Claro algún concepto de Dios podemos tener. Sobre todo los cristianos a quienes Dios nos ha hablado de Si mismo, y nos da la luz de la fe para potenciar nuestro intelecto, pero, cuando comenzamos a creer que ‘eso que pensamos' de Dios es Dios, y no una idea apenas análoga que ‘apunta' hacia Él, entonces no hacemos más que fabricar un ‘ídolo', como afirma, quizá de modo excesivo, el teólogo protestante Karl Barth.
Karl Barth 1886 - 1968
Justamente cuando, más allá de nuestras representaciones paupérrimas, desbordando nuestras definiciones, empezamos a avizorar la inmensidad de un Dios que escapa totalmente a nuestras categorizaciones, recién entonces podemos empezar a percibir lo que significa ser cristianos. Porque ser cristianos quiere decir que ese Dios, totalmente Otro, Distinto, trascendente a toda realidad y riqueza creada, infinitamente superior a ésta, nos llama a saltar el vallado, el abismo del infinito, para unirnos a Él en el Amor infuso y elevarnos a Su inasible e inefable condición divina.

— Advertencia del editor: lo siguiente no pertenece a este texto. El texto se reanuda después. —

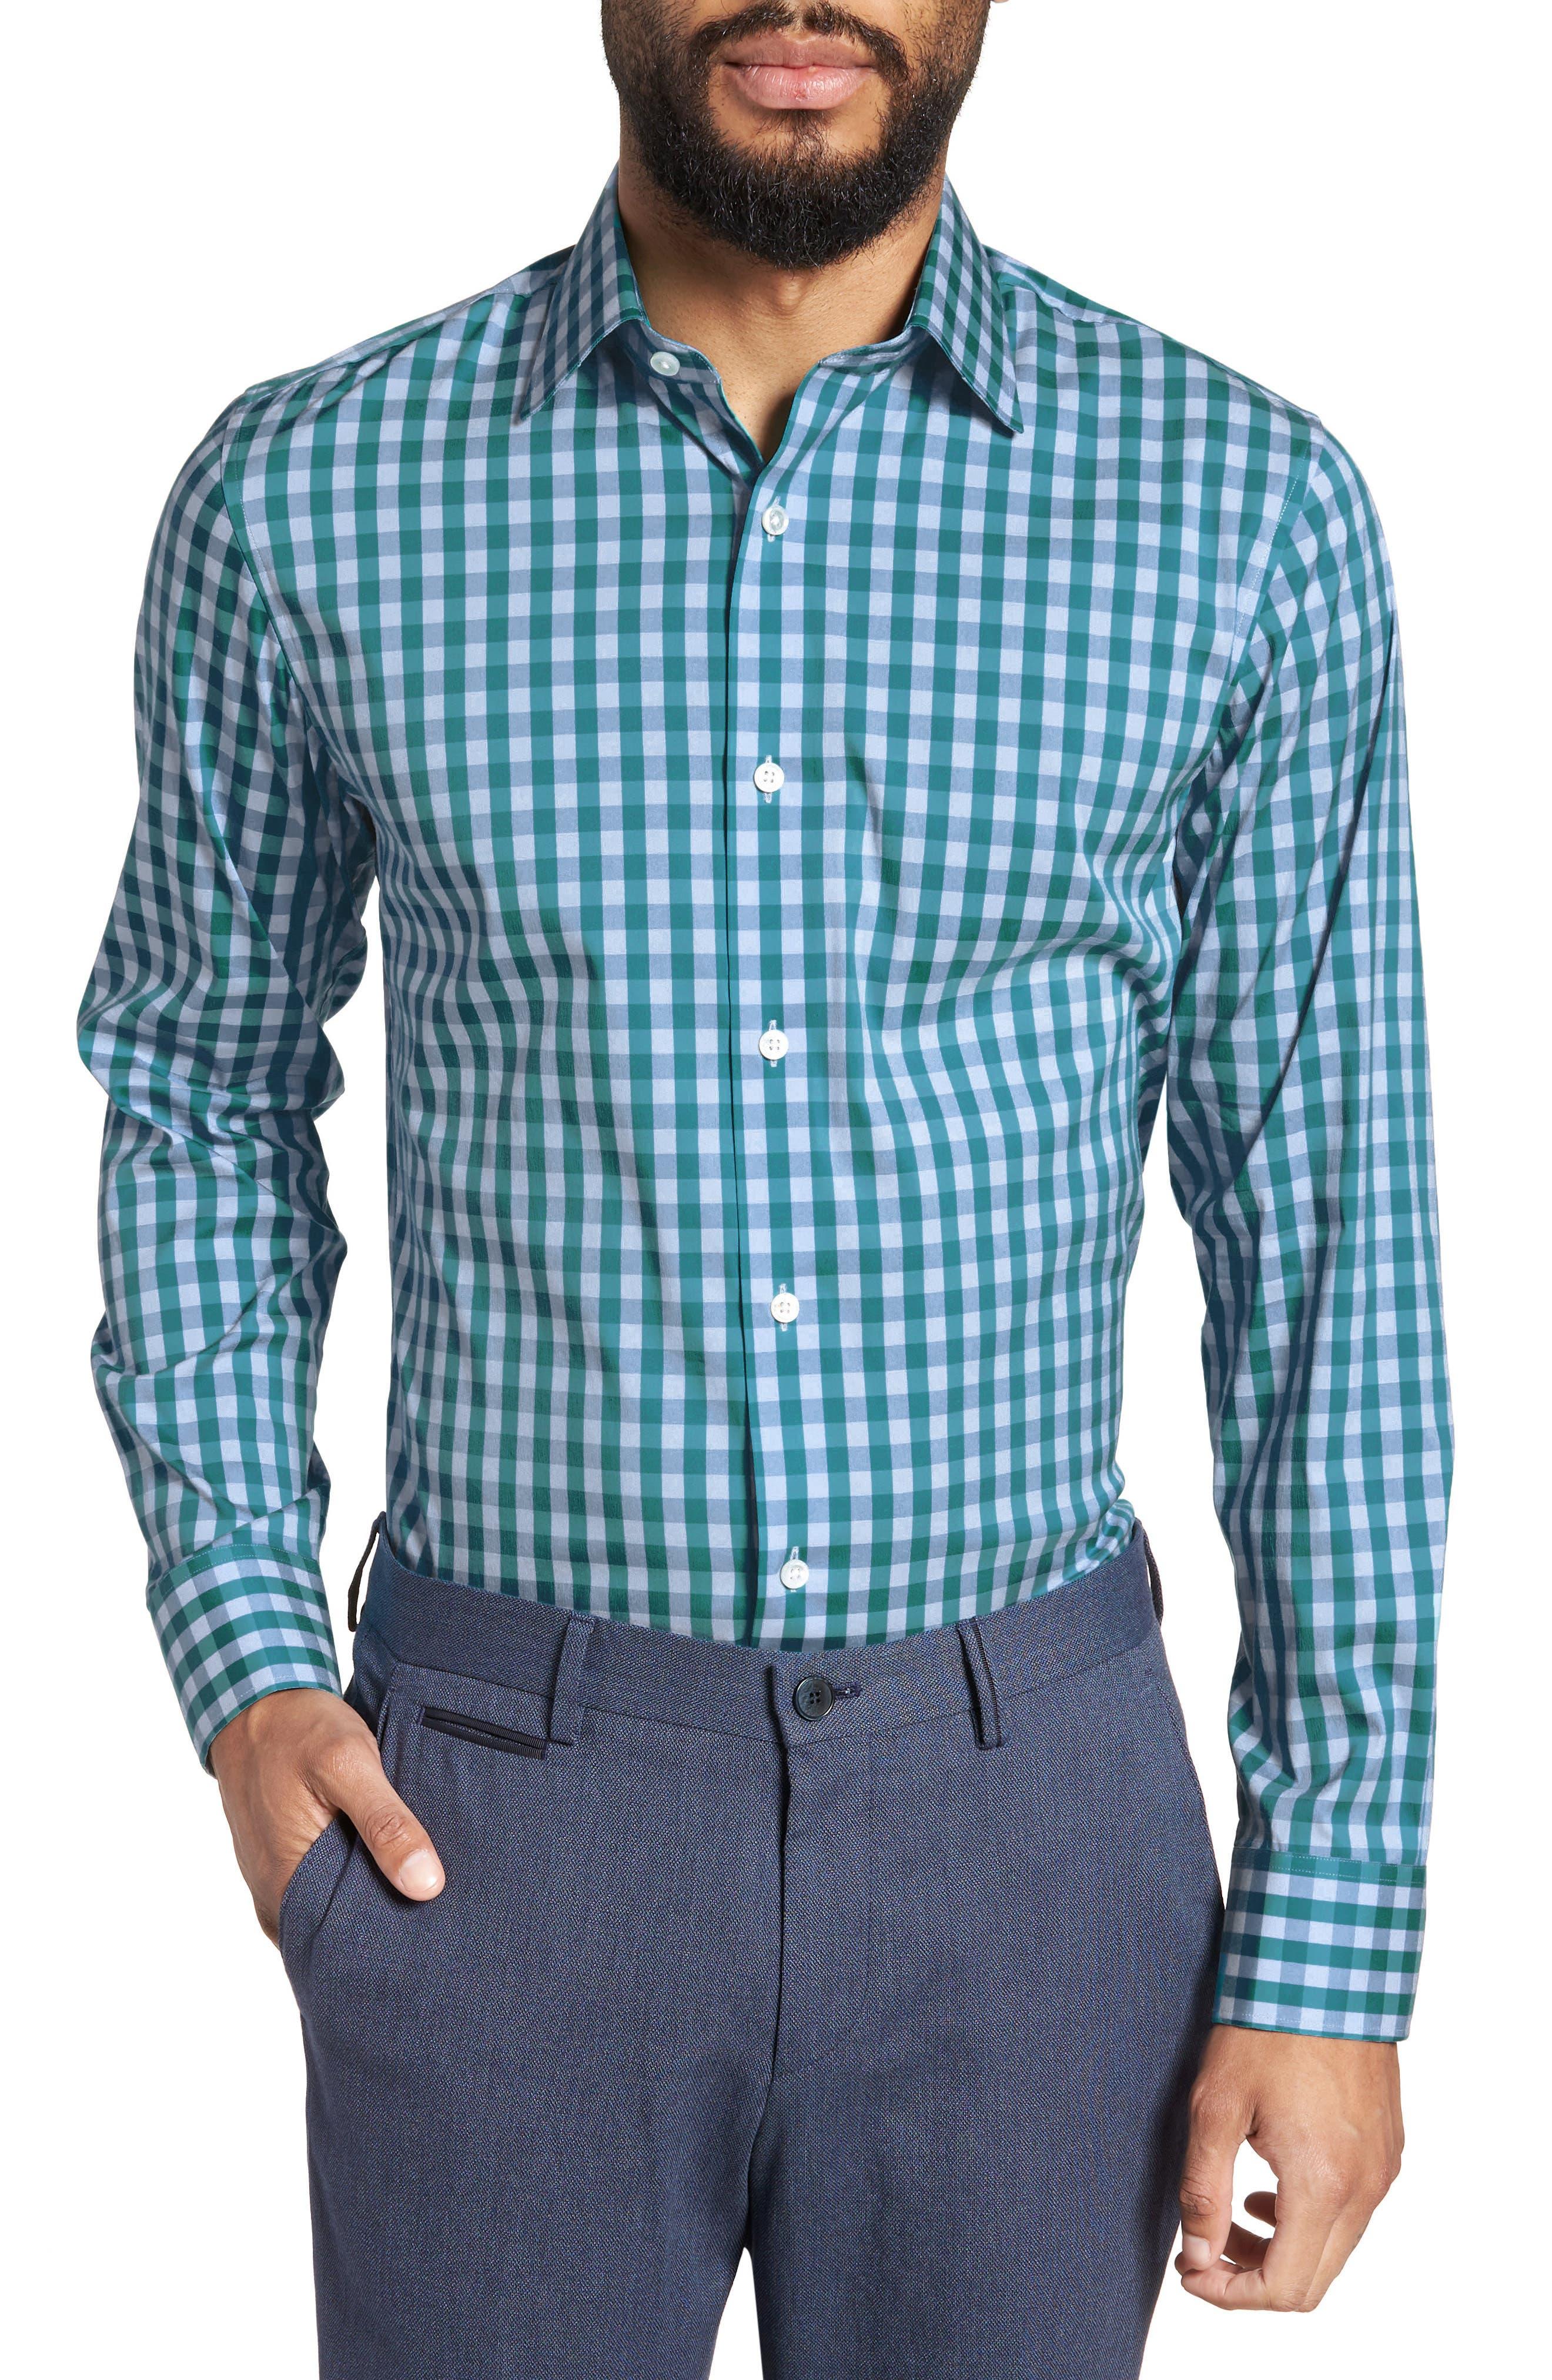 Port Grand Slim Fit Stretch Check Dress Shirt,                         Main,                         color, TEAL

Y entonces el pecado ¿qué es? El pecado es, en el fondo, no tanto cometer esta o aquella mala acción, sino el permanecer en nuestro estado creatural, humano, fundado sobre la nada y destinado de por si a la muerte, ignorando a Dios y su ofrecimiento de participación en el existir fabuloso e impensable de lo divino.
Como hombre, mediante mis acciones moralmente buenas, no tengo más derecho en todo caso, por mejor que me porte, que a una vida humana, una felicidad humana. Con mis pocos pesos no puedo sino comprarme un chocolatín. El televisor en colores fuera de mi alcance. Y, si lo único que tengo son esos raquíticos pesos, por más que me obstine, con ellos no podré comprar otra cosa que la golosina. Y andaré de Scioli a Peres Pícaro y de Peres Pícaro a Kuligovski y seguiré siempre no pudiendo comprar más que mi chocolatín.

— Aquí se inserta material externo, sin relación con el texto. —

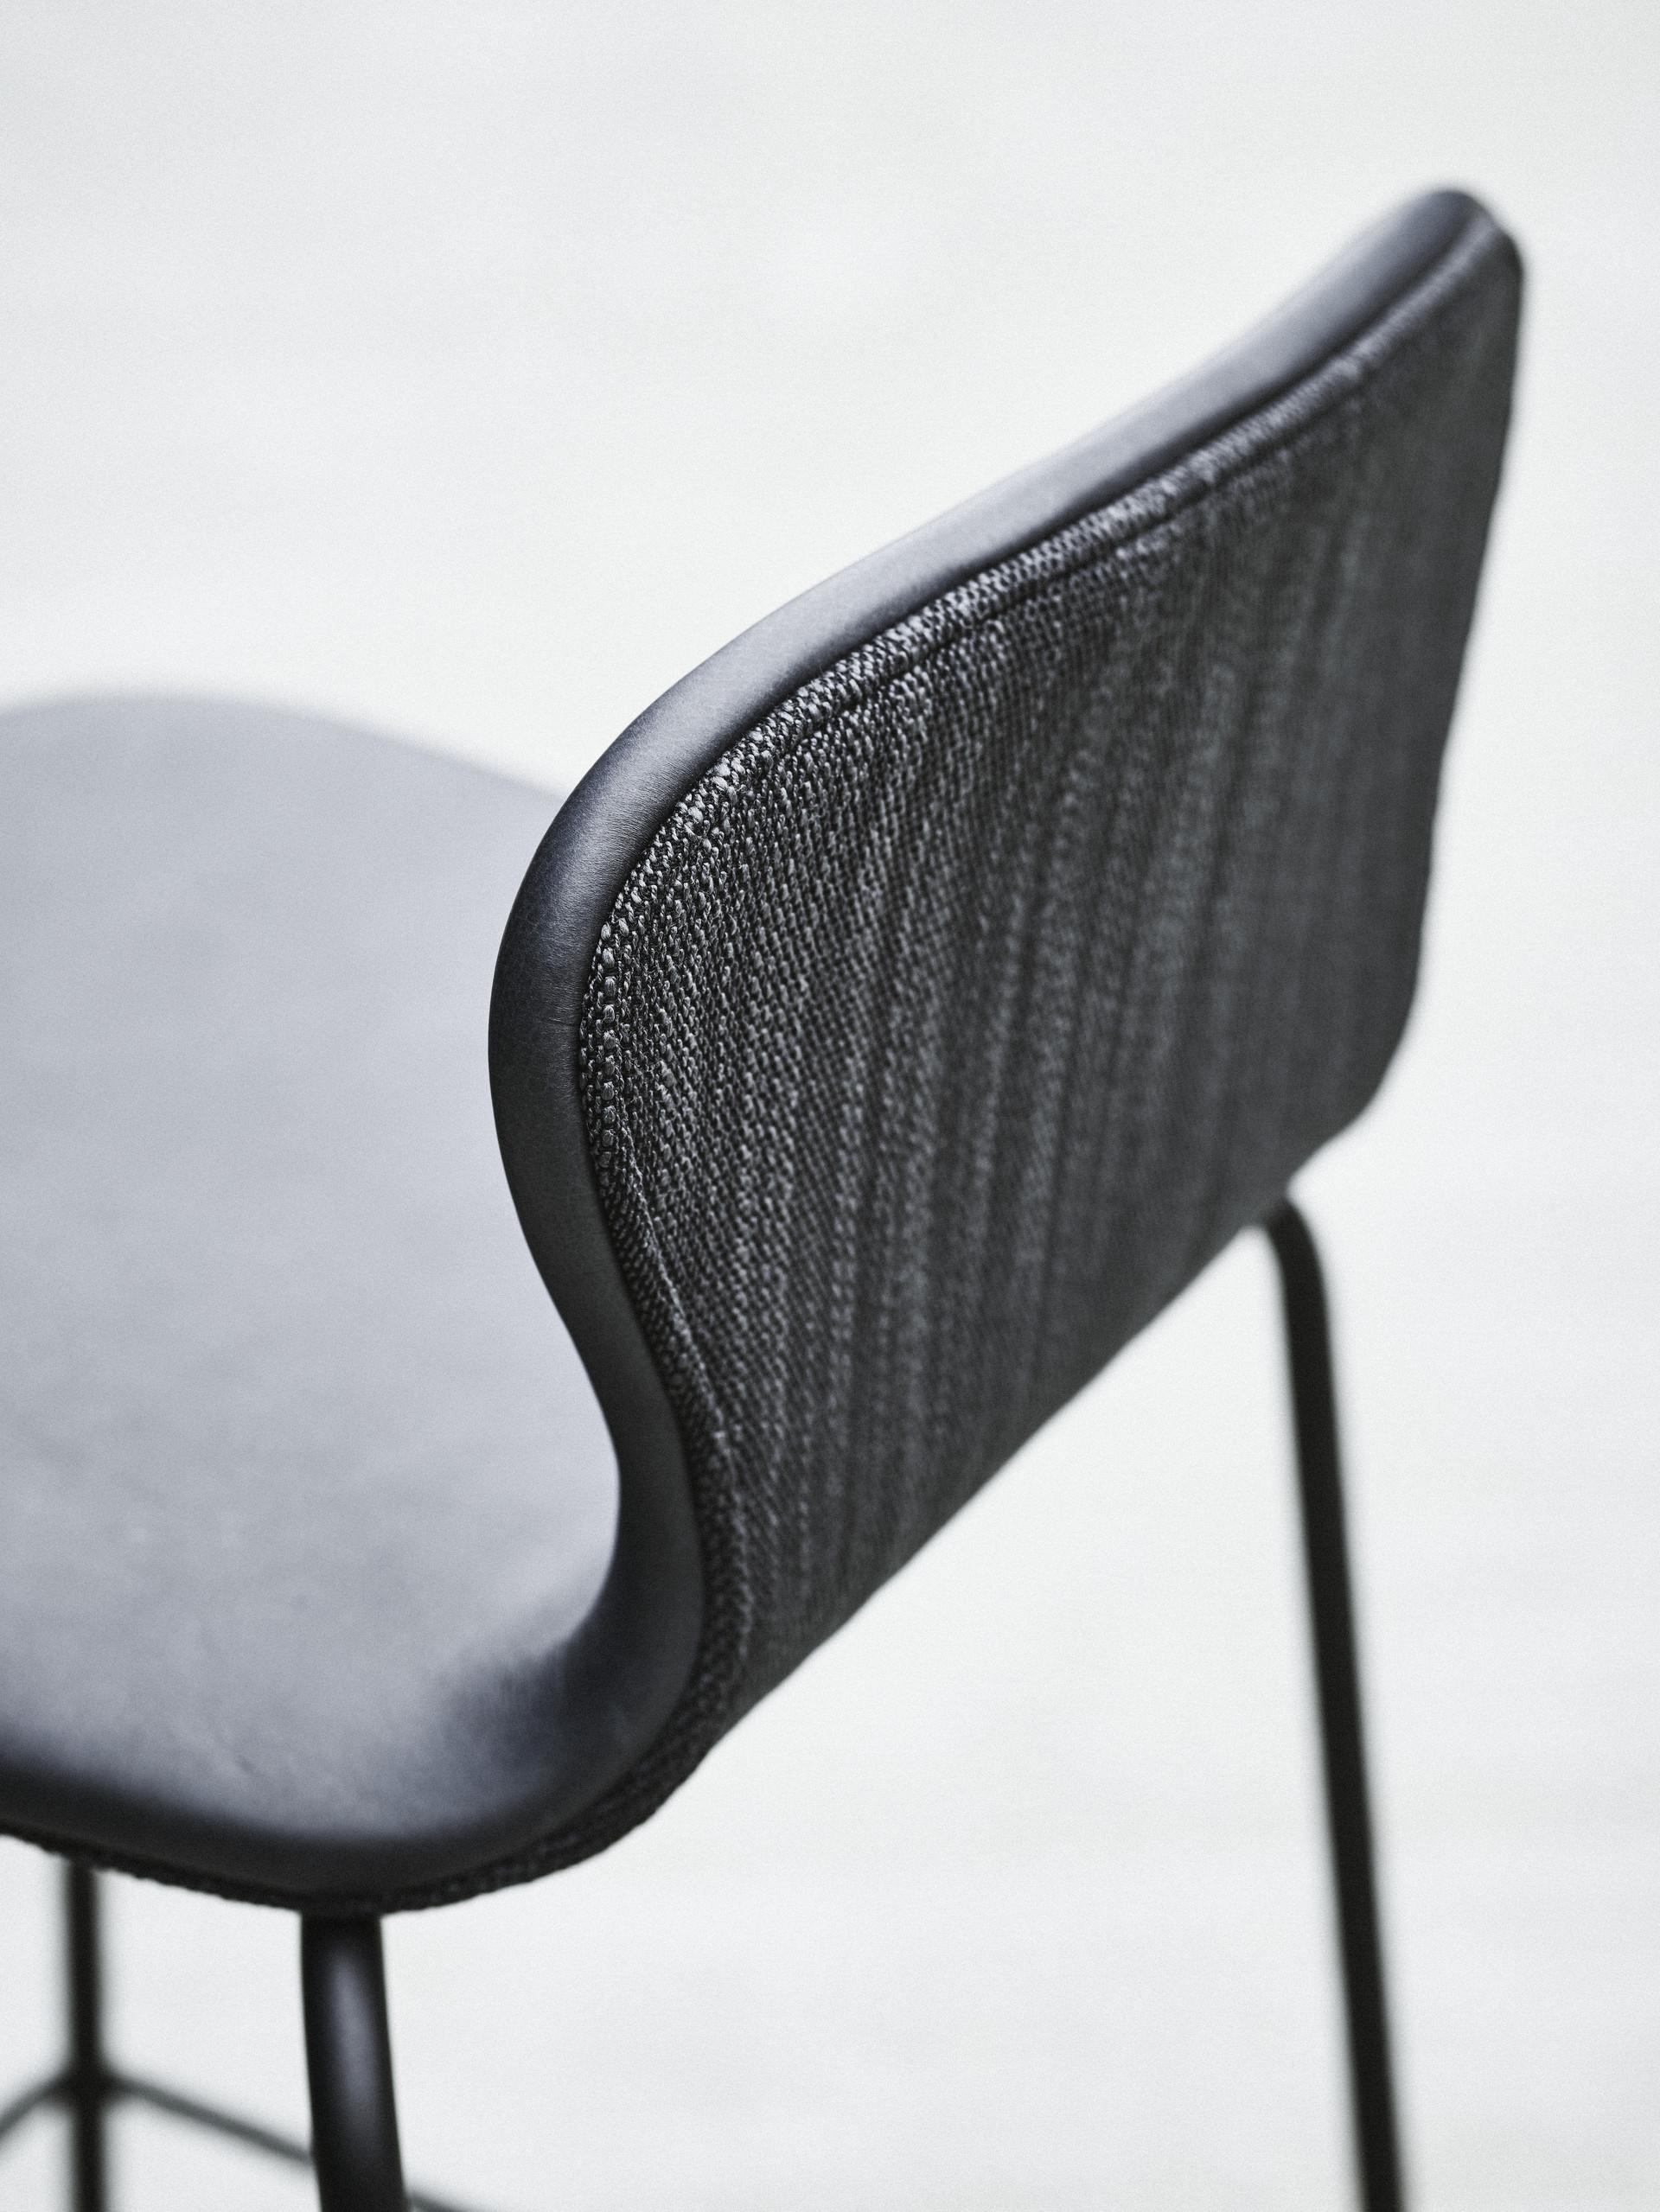 Barstuhl PLAYchar bar Sitzhöhe 65cm 01

Pero supónganse que Peres Pícaro y Kuligovsky no fueran judíos y, de pronto, con generosidad inaudita empezaran a reglar sus televisores pidiendo solo, como signo de buena voluntad, que les diéramos esos escasos pesos que tenemos ¿no sería estúpido de nuestra parte pensar que son esos billetes o monedas los que nos obtienen el TV y no la generosidad de los donantes? ¿No se sentiría molesto Kuligovsky si nos creyéramos que con darle esa poca plata tenemos derecho a la TV? y ¿no se sentiría acaso más satisfecho de dárselo aún a aquel que ni siquiera es capaz de pagar un centavo si se lo pidiera humildemente y reconociendo su generosidad?
Algo así –aunque infinitamente más distante y valiosa- la amistad con Dios. Nuestra buenas obras ¡qué diez pesos! ¡ni cinco centavos viejos valen frente a Dios! Con ellas –nuestras buenas obras- no podemos comprar más que el chocolatín de lo humano, pero de ninguna manera la amistad divina: ¡el don totalmente gratuito e inmerecido e impagable de ser divinizados y llevados a participar la felicidad de Dios!

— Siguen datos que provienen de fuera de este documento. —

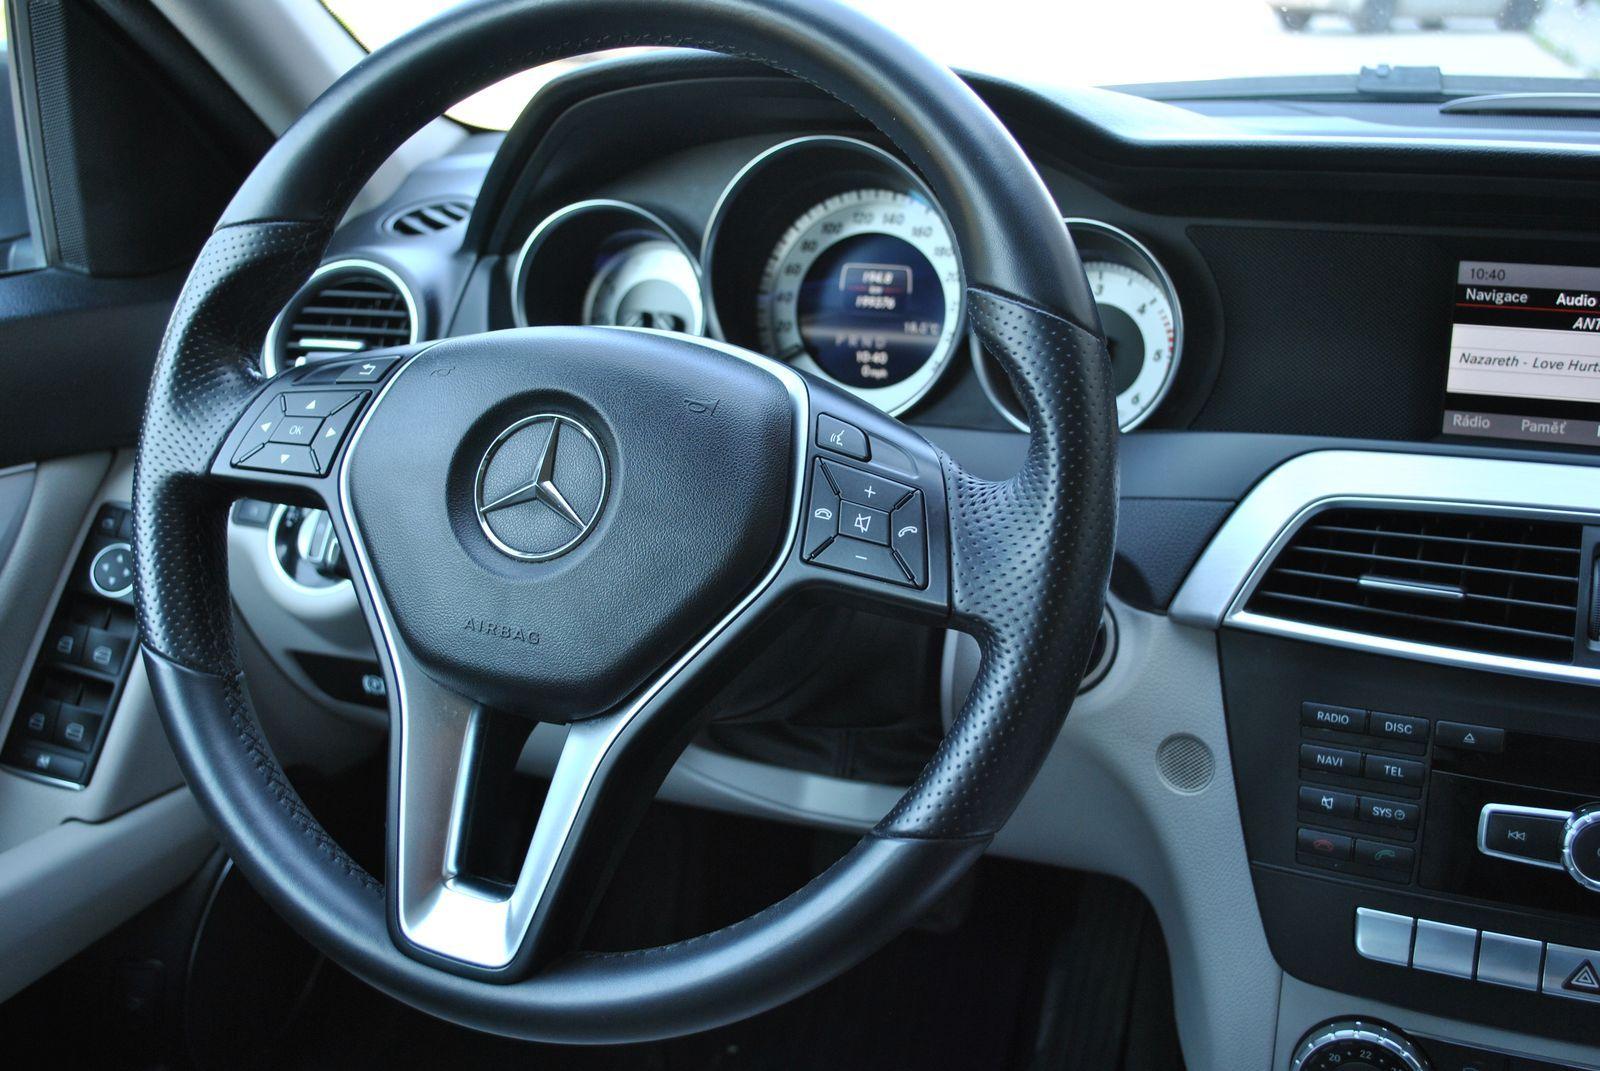 Mercedes triedy C W204

Por supuesto que el que se da cuenta de todo esto, tendrá que, como signo de amor y agradecimiento, juntar la mayor cantidad de pesos, portarse bien, pero nunca creyendo que con esto paga el cielo. Y quizá por ello el Señor permita que caigamos en infracciones, porque así es más fácil darse cuenta de lo poco que soy, de nuestro ser profundo de pecadores, de innata y naturalmente sin Gracia, ni con derecho a Ella.
El Señor no reprocha al fariseo el que se porte bien; al contario. Pero sí el que se crea que eso es lo que lo hace bueno y no el perdón, el regalo, la gracia de Dios.
El fariseo pensó que con sus pesos se hacía digno de ser justificado. Había caído en la trampa del ‘portarse bien', del hacer negocios con Dios.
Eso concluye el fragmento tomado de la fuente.